If they weren’t already, the Toronto Blue Jays are about to become two things: the clear-cut favorites to win the AL-East and a juggernaut to be feared in the postseason. Starting pitcher Marcus Stroman, who landed on the disabled list in early March with a torn ACL, is set to begin a rehab assignment on September 2 and, barring any setbacks, is likely to make his return to the majors on September 12 against none other than the New York Yankees.
Why is Stroman’s return significant? Well, first of all, it bears acknowledging that the Jays currently boast the top offense in the major leagues; not just the American League, all of baseball. They lead every other team, significantly, in runs scored, runs batted in, doubles, on base percentage, and slugging percentage, and are second to the Houston Astros in home runs by just one long ball. That alone makes them a challenge for any opponent in the playoffs.
However, it is often said that pitching wins in October. If that is indeed the case, then currently Toronto is in some trouble. Even with the addition of David Price, their pitching staff ranks just 12th in baseball. Better than average, sure, but not by much. Their top two guys, aside from Price, are R.A. Dickey and Mark Buehrle. Dickey has been the definition of mediocre this season. Though he has been an innings-eater for the Jays, his 8-10 record and 4.26 earned run average are certainly nothing to write home about.
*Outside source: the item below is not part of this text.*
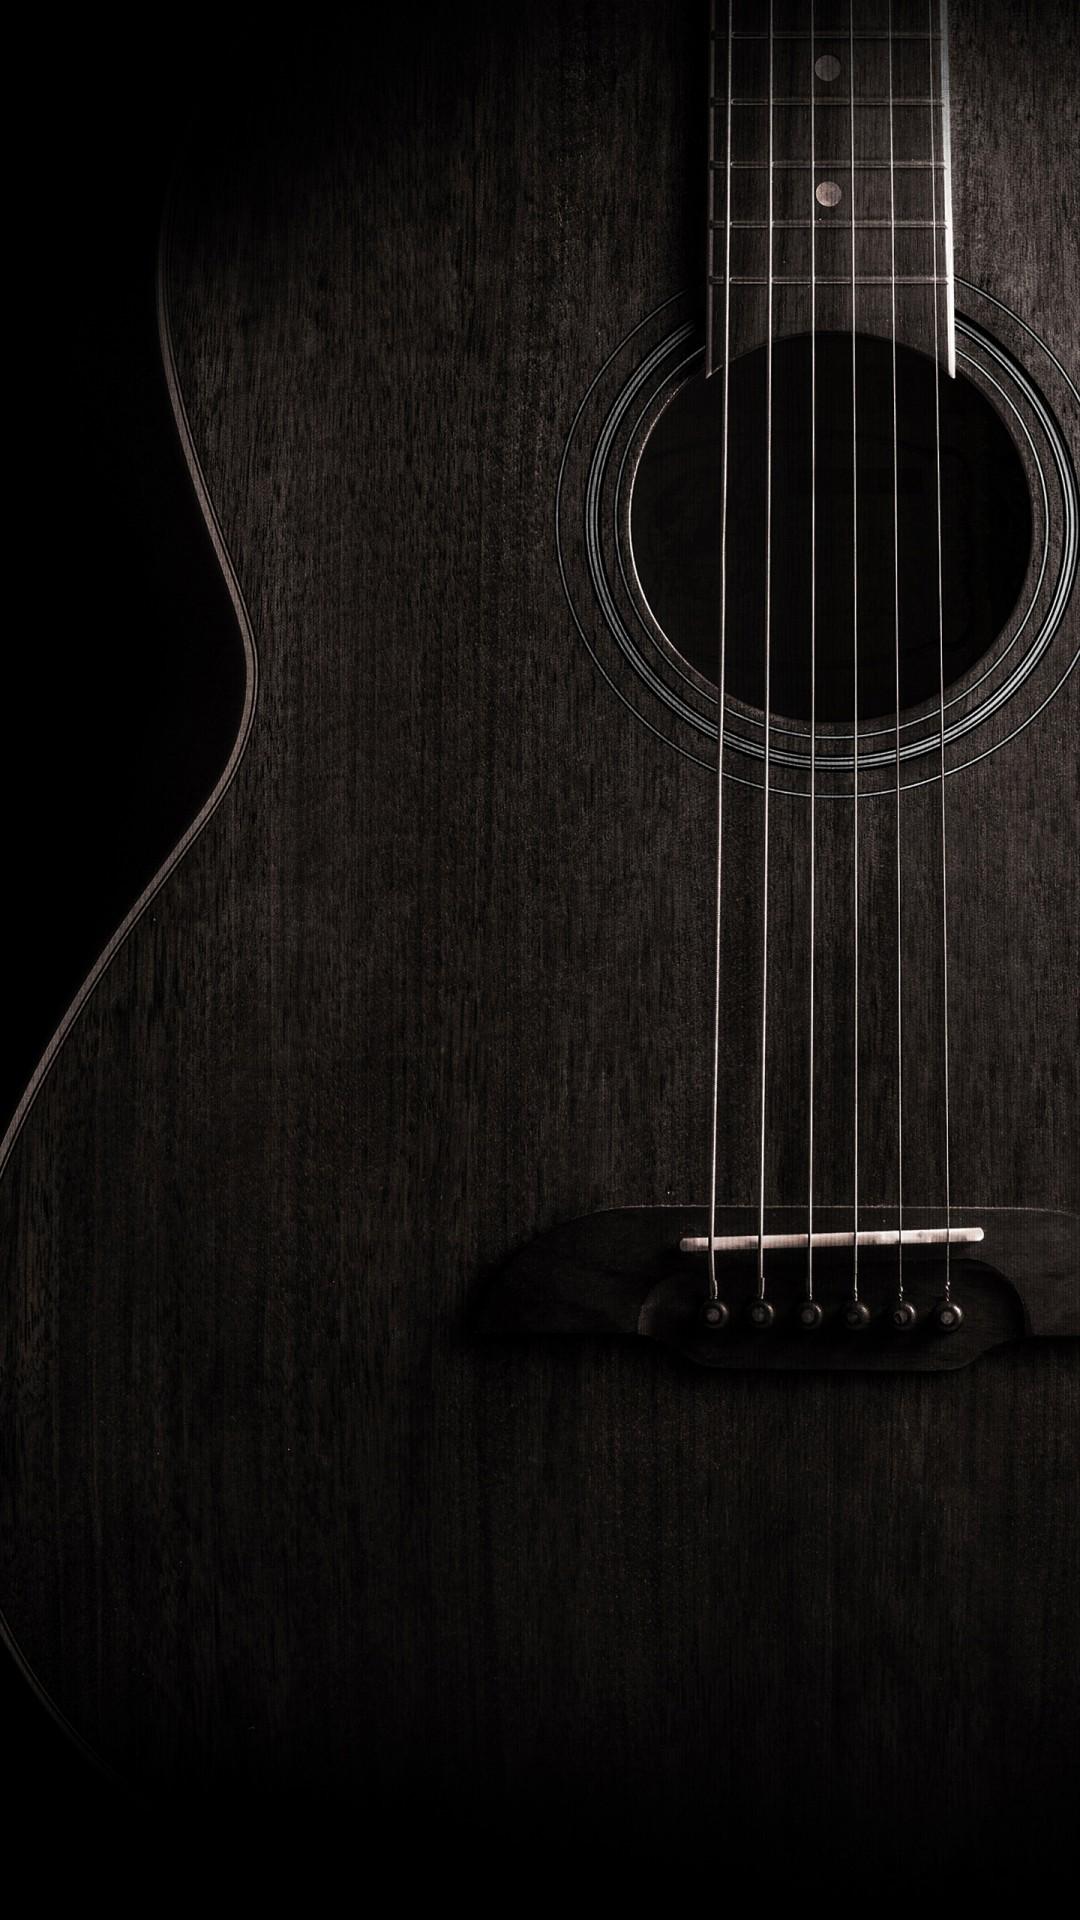 Free Guitar Huawei Mate 10 phone wallpaper by kaylachs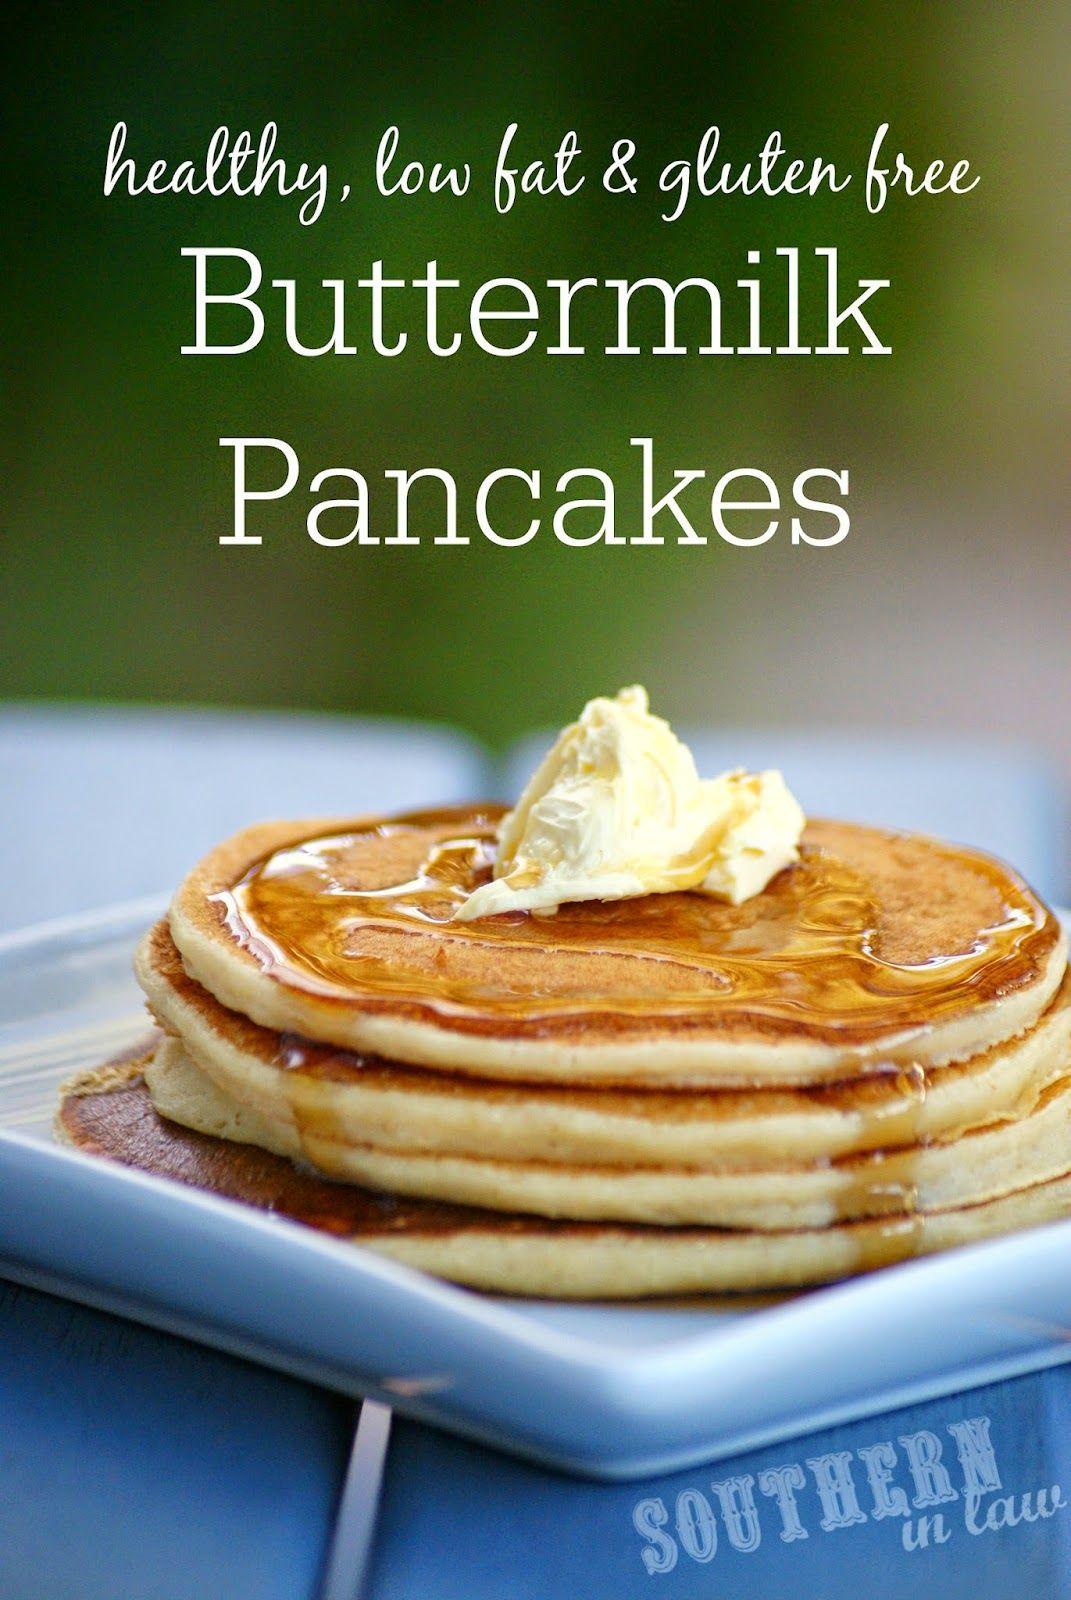 Recipe Healthy Buttermilk Pancakes Buttermilk Pancakes Recipes Gluten Free Buttermilk Pancakes

And while Mark Buehrle has likely far exceeded any expectations for this season (at one point he had rattled off 13 consecutive quality starts) he has struggled in his last two outings and may be starting to show his age.
Stroman’s return gives a huge boost to the pitching staff and gives the Blue Jays their best chance to win the AL East for the first time since 1993. Before his knee injury, and before the acquisition of Price, Stroman looked locked in as the ace of Toronto’s staff. Last year, in his rookie campaign, Stroman was excellent. In 130.2 innings pitched, Stroman compiled a 3.65 ERA to go along with a 1.17 WHIP, a record of 11-6, and 111 strikeouts compared to just 28 walks. That kind of strikeout power pared with that level of precision is a rare and valuable combination in a pitcher, and Stroman has it.
His numbers last season far exceed those of Buerhle or Dickey. Buehrle had a slight edge in ERA, but other than that Stroman was the superior hurler. His numbers also weren’t that far behind Price’s. Price had far more strikeouts, but he also pitched 117.2 more innings than Stroman did. Given then same amount of innings and Stroman’s already high strikeout rate, he may have come very close to matching Price in that area as well.
Situationally, this could not have come at a better time for the Blue Jays. It gives them a clear number two in the rotation behind Price for the remainder of the season, and a definite number two starter for the postseaon as well. Not only that, Stroman will be fresh; while rehab is not exactly a vacation, he is far better rested than any pitcher he is likely to be matched up with in the playoffs. Given how long and grueling the baseball season is, and the kind of toll it can take on the mental and physical states of players, this could be a significant advantage for Toronto.
Stroman is also set to make his return against the Yankees who, it just so happens, are the Jays’ top rivals for the division title. Toronto currently owns a slim lead over New York in the standings, but 1.5 games can disappear quickly. Stroman’s presence, and the fact that he is likely to face the Yankees in his first game back, will give Toronto a much better chance of tightening their grip on the division.
Unless something goes horribly awry, this news essentially assures the Jays of a playoff spot, and may have even won them the East. The other playoff contenders are officially on notice: the Blue Jays are coming.